The lawsuit asked that the complete records of the 911 calls be released, but the judge ordered that the victims’ sides of the conversations with the operators be redacted unless specifically released by the nearest kin. The city has decided to release calls taken by police department operators on the same basis.

The family members can receive CDs with the unedited calls if they want them.

Letters take some by surprise
The letters took some Sept. 11 family members by surprise, a family advocate said.

“Some family members didn’t even know their loved ones had made a 911 call,” said William Doyle, whose son was killed in the 2001 attack on the World Trade Center but was not one of those recorded. “Why did they have to wait so long to inform them? To send a cold form letter overnight express without advance warning is crass.”

According to the city’s law department, officials waited until a complete record of all the identifiable calls was ready before releasing any information.

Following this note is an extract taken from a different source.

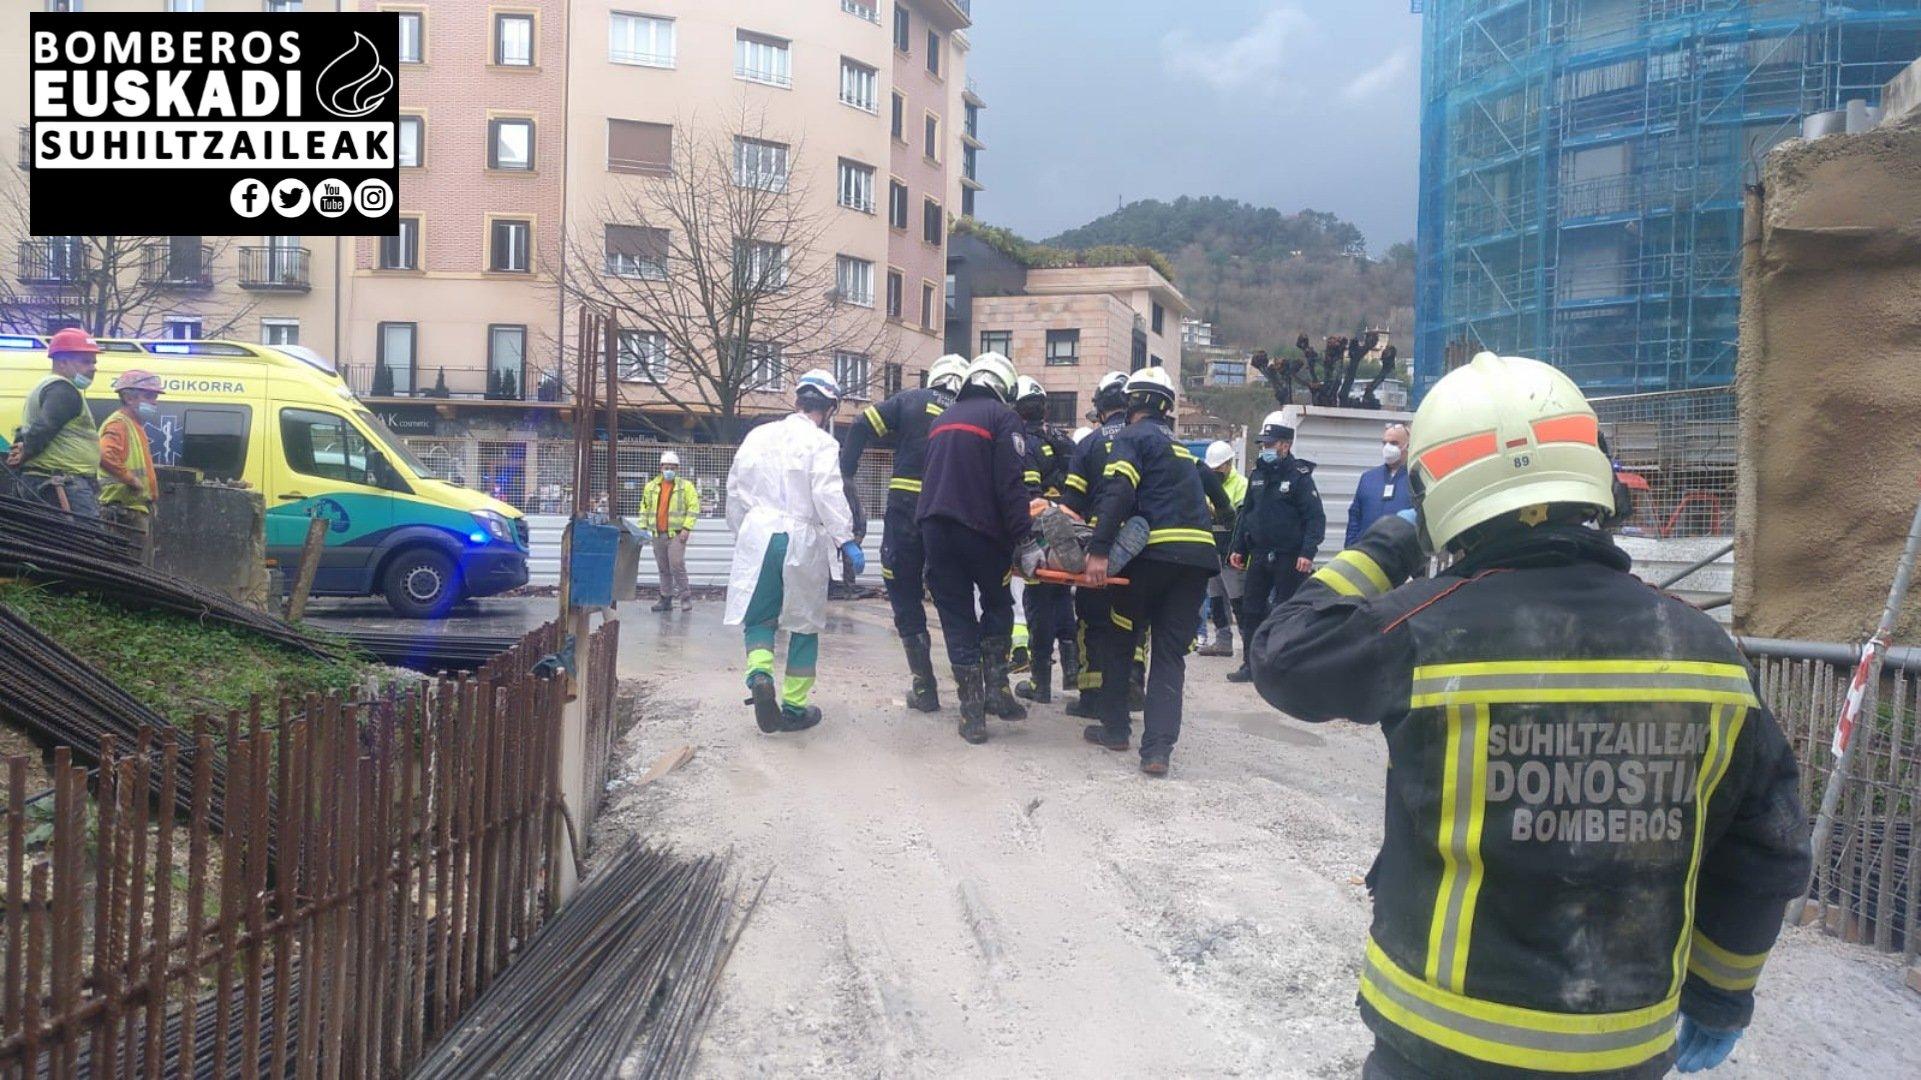 Foto: Bomberos de Euskadi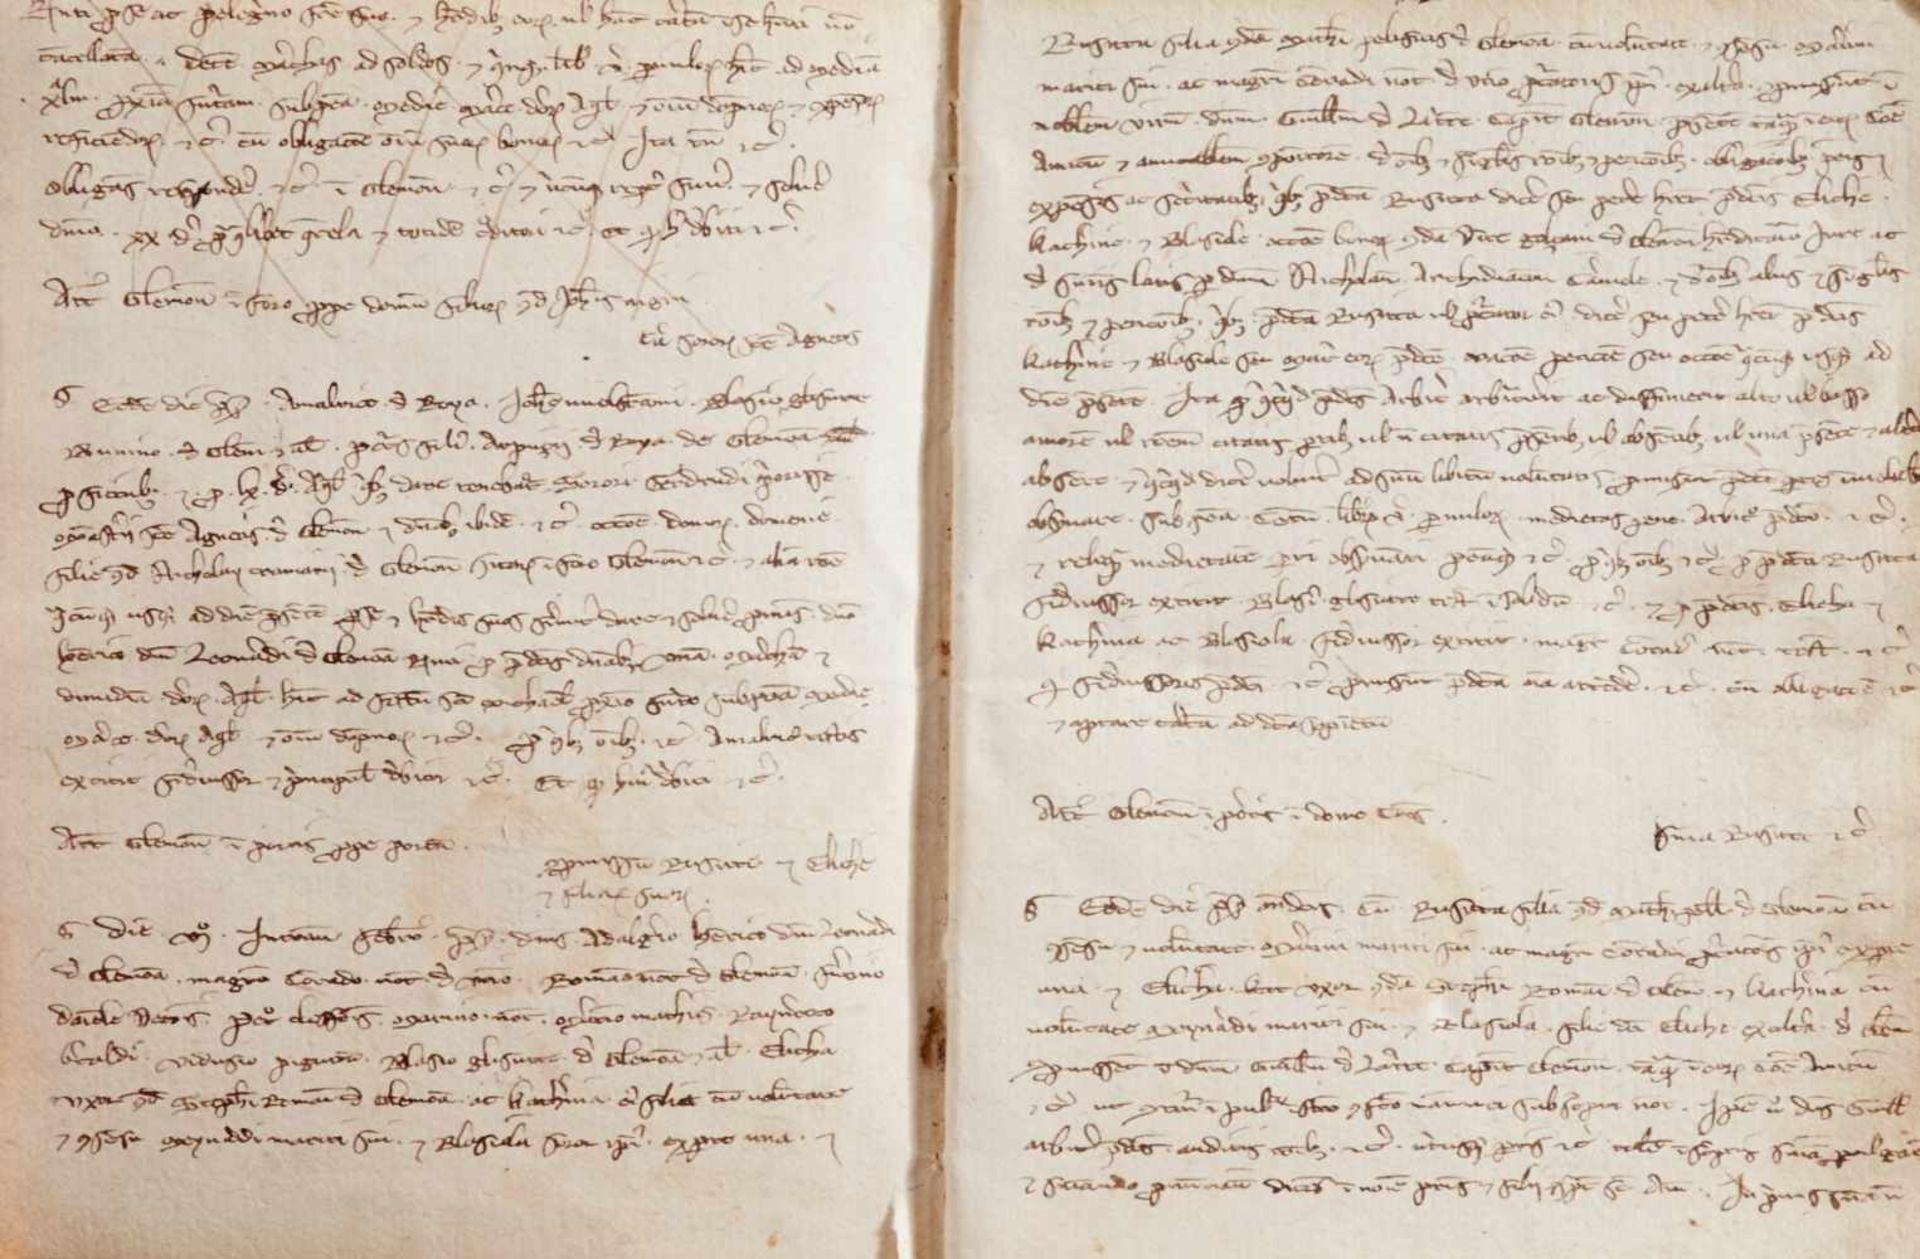 Gemona- Imbreviaturbuch des Notars Bartolomeo. Lateinische Handschrift auf Papier.Dat. Gemona ( - Bild 7 aus 9

“Based on previous experience, we felt it was most appropriate to release all the information together rather than in a piecemeal, lingering fashion that might give families false hopes or ongoing pain,” law department spokeswoman Kate O’Brien Ahlers said Sunday.

The 24 letters, which Ahlers said were personalized, were meant to go out only after e-mails to groups representing the families explaining the release. But, because of a miscommunication, the e-mails did not go out as planned, said Jonathan Greenspun, commissioner of Mayor Michael Bloomberg’s Community Assistance Unit.

“We sincerely regret the delay,” he said in a statement.

The city said the transcripts and recordings likely would be released Thursday or Friday. It didn’t say how many there are.

In August, the city released 12,000 pages of oral histories and more than 15 hours of fire department radio transmissions.